Extrait du livre « Travailler avec les cinq obstacles », Ajahn Thiradhammo.
À d’autres moments, la morosité peut s’installer du fait d’attentes que nous avions et qui n’ont pas été satisfaites.
Certaines personnes commencent une pratique spirituelle à cause de fausses promesses. Je me souviens qu’un jour quelqu’un a demandé : « Quand vais-je pouvoir léviter ? » Je suis sûr que nous avons tous une forme d’attente ou une autre et, quand nous finissons par comprendre qu’elle ne va pas se réaliser, nous risquons d’être désillusionnés : « Cette pratique ne fonctionne pas comme elle le devrait / comme le disent les livres. »
Le désenchantement fait que notre énergie diminue ou se dissipe ; c’est alors que la léthargie spirituelle s’installe.
Si nous ne reconnaissons pas ce processus et ne réévaluons pas nos attentes, nous risquons de sombrer dans le désespoir.
Fait intéressant, il y a de nombreuses années en Thaïlande, un psychologue a conduit une étude sur plusieurs moines. Il avait lui-même été moine pendant quelque temps auprès d’Ajahn Chah et avait décidé de faire quelques tests psychologiques sur les moines occidentaux.
C’est ainsi que j’ai rempli un jour l’Inventaire des Personnalités Multiphasiques du Minnesota. Il était censé nous donner une série de tests sur une période donnée pour voir si nous progressions (ou régressions) dans le développement de la personnalité, je pense.

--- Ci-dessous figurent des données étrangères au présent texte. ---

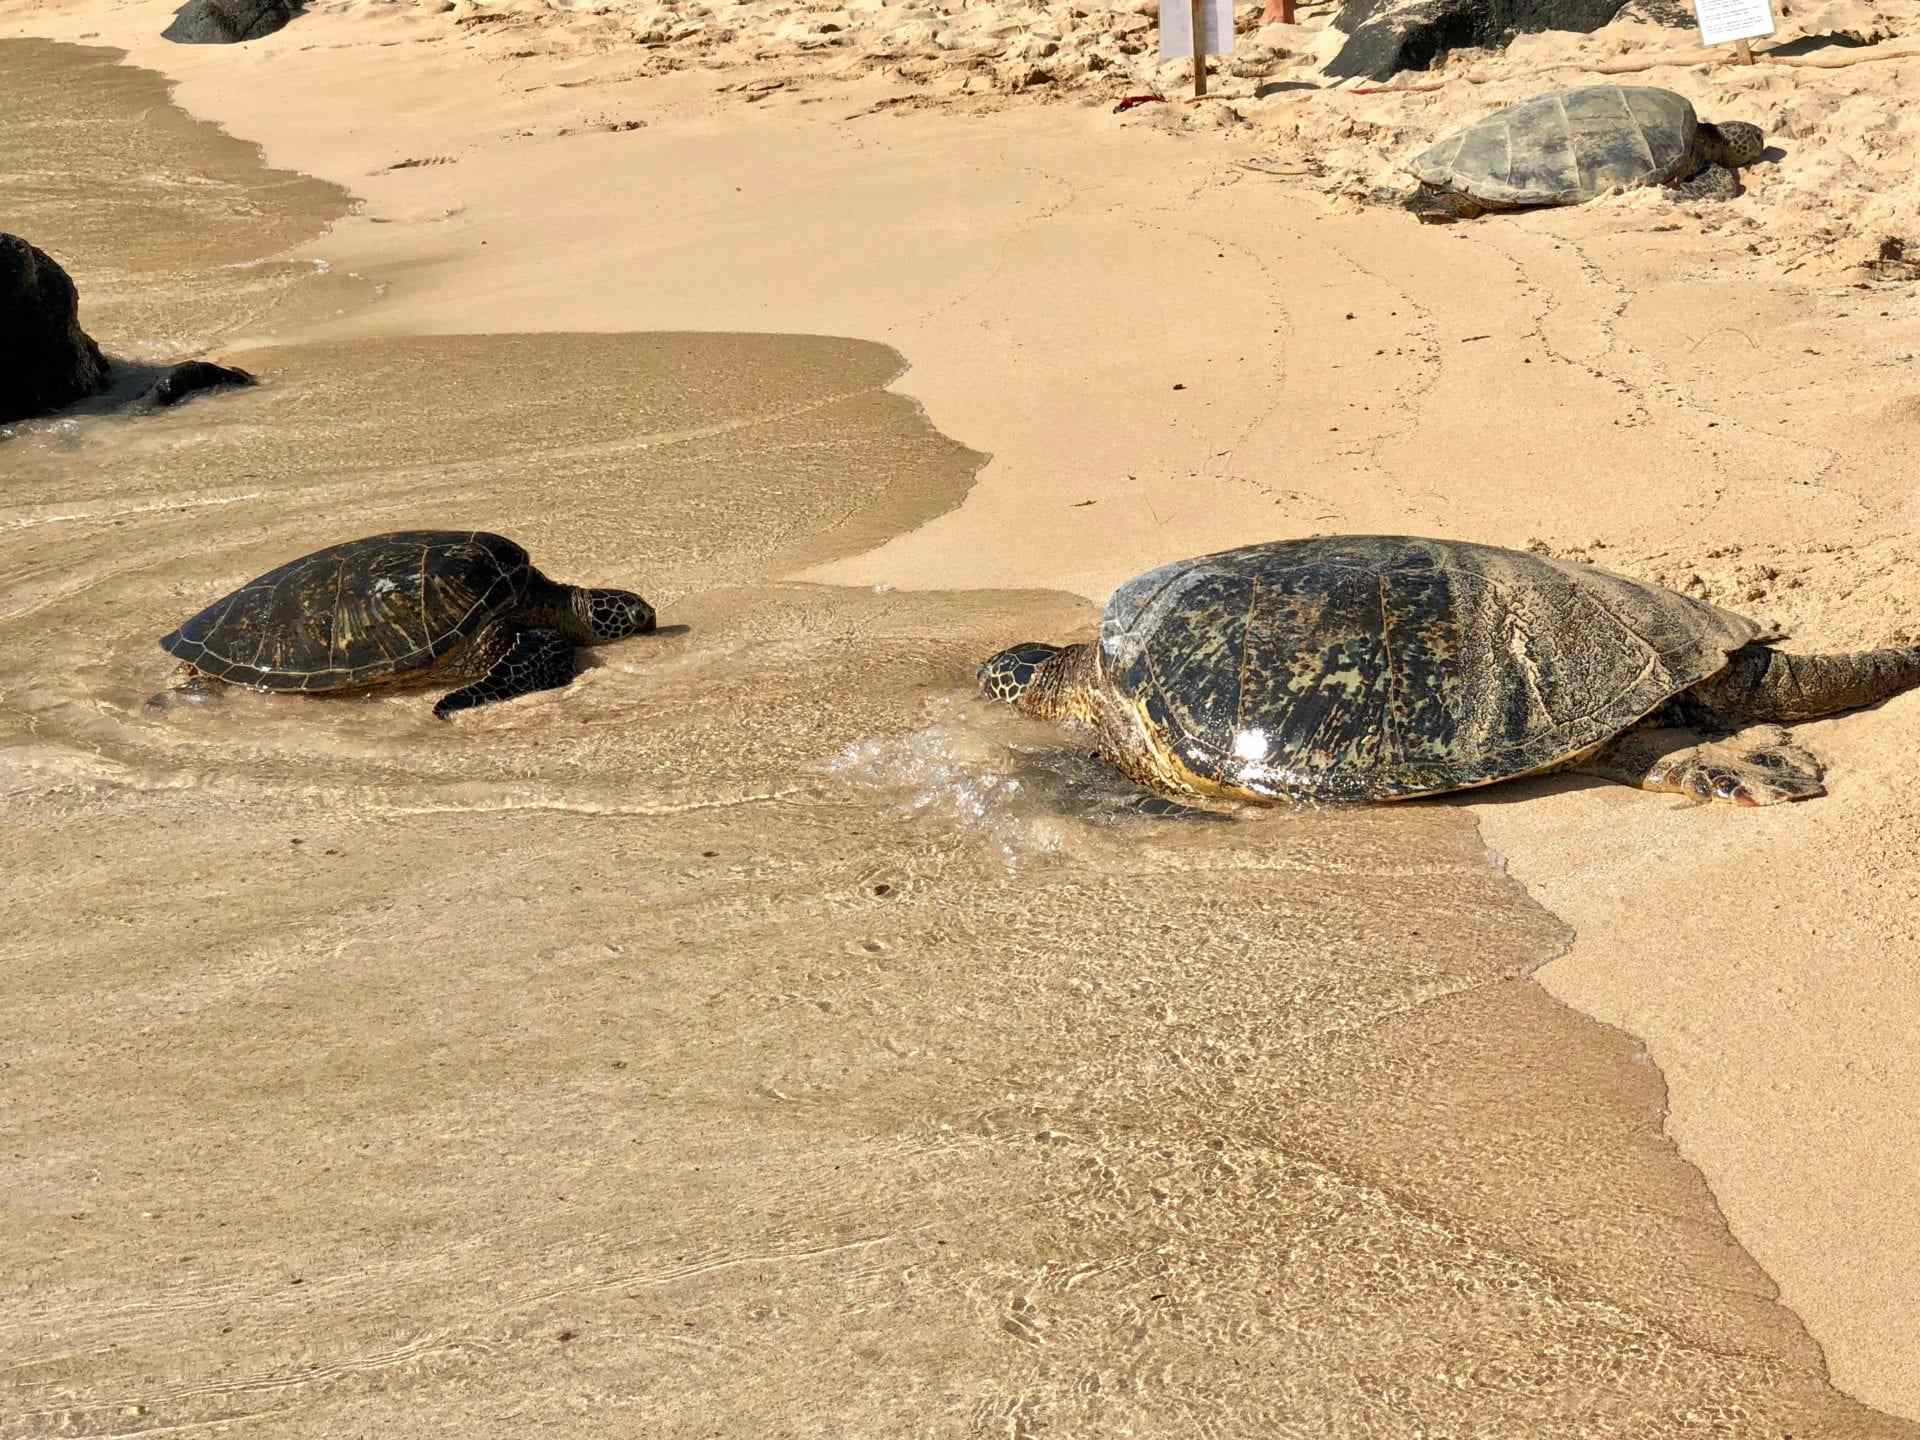 three turtles on the beach

Il n’a jamais terminé sa recherche mais l’un des résultats obtenus a été la découverte que, plus les personnes qui venaient en Thaïlande avaient une idée précise de ce qu’elles voulaient obtenir, plus vite elles repartaient.
Les moines ou les nonnes qui sont restés le plus longtemps sont ceux qui sont venus en Thaïlande avec l’idée que ce serait seulement un séjour provisoire : «Je vais rester un mois ou deux et puis je verrai. »
En général, ils prolongeaient de deux mois, puis encore deux mois, et vingt ans passaient !
On aurait pu penser que ce serait l’inverse ; on aurait pu s’attendre à ce que ceux qui étaient décidés à rester moines le reste de leur vie auraient tenu le plus longtemps, tandis que ceux qui venaient juste passer deux mois pour méditer au chaud en Thaïlande pendant l’hiver canadien seraient partis plus tôt.
Mais l’étude a prouvé le contraire, la raison étant que ceux qui avaient des plans à court terme pouvaient revoir leurs plans en fonction de l’évolution de leur pratique.
Ils pouvaient se demander : « Est-ce que ça marche ? Est-ce que ça me fait du bien ? Oui, on dirait que ça va, alors je vais rester encore deux mois. »
Tandis que ceux qui avaient des attentes bien précises, une fois confrontés à toutes les différences culturelles de la Thaïlande, trouvaient que la réalité ne correspondait pas à leurs attentes.
J’ai entendu parler d’un homme de Chicago qui avait prévu d’aller en Thaïlande et de devenir un saint moine pour toujours. Il a pris l’avion et deux semaines plus tard, il était de retour : les chiens de Thaïlande étaient trop bruyants ! Il n’a jamais imaginé que les chiens puissent aboyer toute la nuit à Bangkok. Il pensait aller en Thaïlande dans un temple bouddhiste paisible où tout le monde était pacifique et bouddhiste, mais les chiens aboyaient toute la nuit et avaient failli le rendre fou.
Je me suis dit que Chicago ne devait pas être tellement calme non plus mais bon, je suppose qu’il s’était habitué aux claquements métalliques du train de la Chicago Transit Authority qui traverse la ville à toute heure, mais où les chiens n’aboient pas.
Quelqu’un d’autre est venu en Thaïlande sans imaginer tous les moustiques et les insectes qu’il allait y trouver. Cela l’a vraiment choqué. Il venait d’Angleterre, où il n’y a presque pas d’insectes gênants, hormis quelques mouches peut-être.
En Thaïlande, on doit apprendre à vivre avec des moustiques et des fourmis qui se nourrissent de notre sang. Le fait est que si nous avons des attentes très précises, il est difficile de changer, de s’accoutumer, de s’adapter aux situations de la vie.
Lorsque nos attentes ne sont pas satisfaites, cela peut engendrer désillusion, léthargie, voire même désespoir. Cela peut également déclencher d’autres obstacles tels que l’inquiétude et le doute.